Mastitis in cattle occurs when the udder tissue in the mammary gland becomes inflamed due to physical damage or microbial infections (1). It is the most prevalent disease that causes financial loss in the dairy industry due to a nearly 10% to 20% reduction in milk production since it has an unfavorable effect on milk ingredients, lowering its nutritional content (poor quality) and rendering it unfit for processing and consumption (2-5). Mastitis has the potential to spread zoonoses and illnesses linked to food contaminants, putting public health at risk (6). Raw milk should not be consumed directly due to the high risk of contamination with pathogenic bacteria from cattle, automatic milking machines, and milk containers (7). Therefore, milk must be pasteurized to ensure its safety and shelf life (8). Mastitis in cows can manifest itself in various forms, one of which is subclinical mastitis. Its peculiarity is that it is difficult to determine this type of disease by symptoms since they are visually absent (9,10). It is possible to diagnose subclinical mastitis according to the California test results (200,000 somatic cells per milliliter or above), since mastitis is imperceptible, and milk has a typical composition and appearance (11-13). In dairy cows, the prevalence of subclinical mastitis ranged from 15 to 76 %, while quarter involvement ranged from 5 to 45 % (14-16). Subclinical mastitis is also a constant source of barn microbial contamination and thus transmission to other animals (17). The causative agents of mastitis include a wide range of bacteria that can be contagious (e.g., Streptococcus agalactiae, Staphylococcus aureus, and Mycoplasma spp.) or environmental (e.g., Escherichia coli, Streptococcus uberis, Klebsiella pneumonia, and Enterococcus spp.) (18-21). One of the most frequent microorganisms that cause environmental mastitis is pathogenic E. coli. It commonly targets the mammary gland during the early stages of lactating, especially if left untreated. It can be fatal (22). This infection usually begins as a subclinical infection and develops into clinical mastitis in the early stages of lactation. Bredley and Graen (23) found that 51 % of clinical mastitis caused by Escherichia coli started during the dry period of dairy cows in the South-West of England.

The milk contaminated with shiga toxin-producing E. coli (STEC) can cause severe foodborne illness and significant public health issues, especially when consuming unpasteurized milk and milk products. This illness can lead to a variety of clinical manifestations ranging from mild to severe gastrointestinal symptoms to life-threatening ones, such as hemolytic uremic (HUC) and hemorrhagic colitis (HC) syndromes as a result of having many virulence genes (e.g., Stx1 and Stx2 genes) (24,25).

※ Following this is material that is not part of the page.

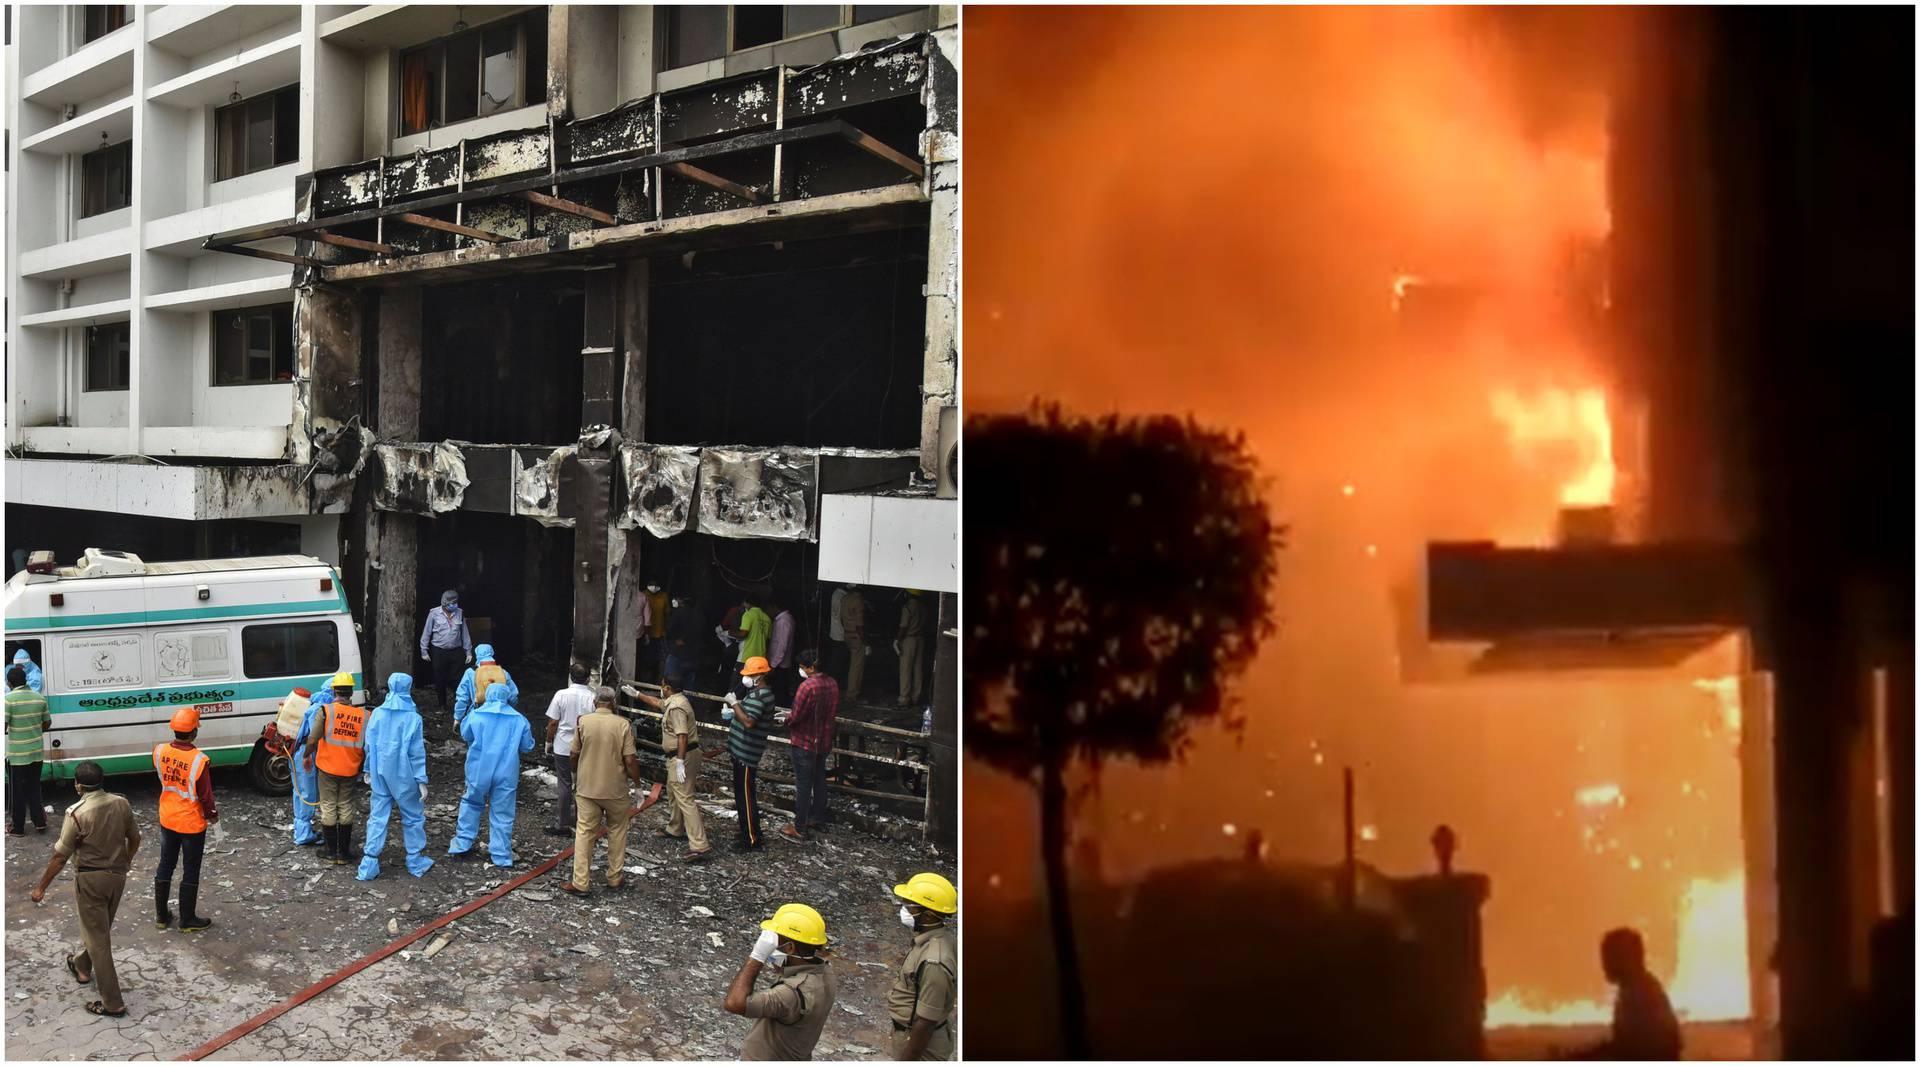 Jezivi prizori: U požaru covid bolnice poginulo 10 ljudi, bili su zarobljeni na gornjim katovima

Given the importance of the pathogenic Escherichia coli in causing subclinical mastitis, our study aimed to determine the percentage of pathogenic Escherichia coli in milk samples during subclinical bovine mastitis in Mosul city by confirming the presence of Stx1 and Stx2 genes.

Materials and methods

Ethical approval

The scientific committee of the department of veterinary public health approved the research protocol for this study.

Milk samples collection

Four regions in the study were included in the Nineveh Governorate (Al-Nimrud, Hawi Al-Kanisa, Al-Qasr, and Al-Kogali). Eighty milk samples of cows with subclinical mastitis were obtained from November 2018 to October 2019. To diagnose the subclinical mastitis, the California Mastitis Test was applied. Throughout the sampling procedure, disposable gloves were utilized. Chlorhexidine was used to clean the teats, and 70% (v/v) ethanol was subsequently used to wipe them for sanitizing. All the chosen cows had their quarters sampled. The first two milk squirts were thrown away. Approximately ten mL of milk was collected and stored in sterile glass tubes. Within five hours, the samples were refrigerated until they were sent to the lab (Researchers Center of diagnosis of zoonotic pathogenic bacteria in the College of Veterinary Medicine, Mosul University) for bacteriological analysis.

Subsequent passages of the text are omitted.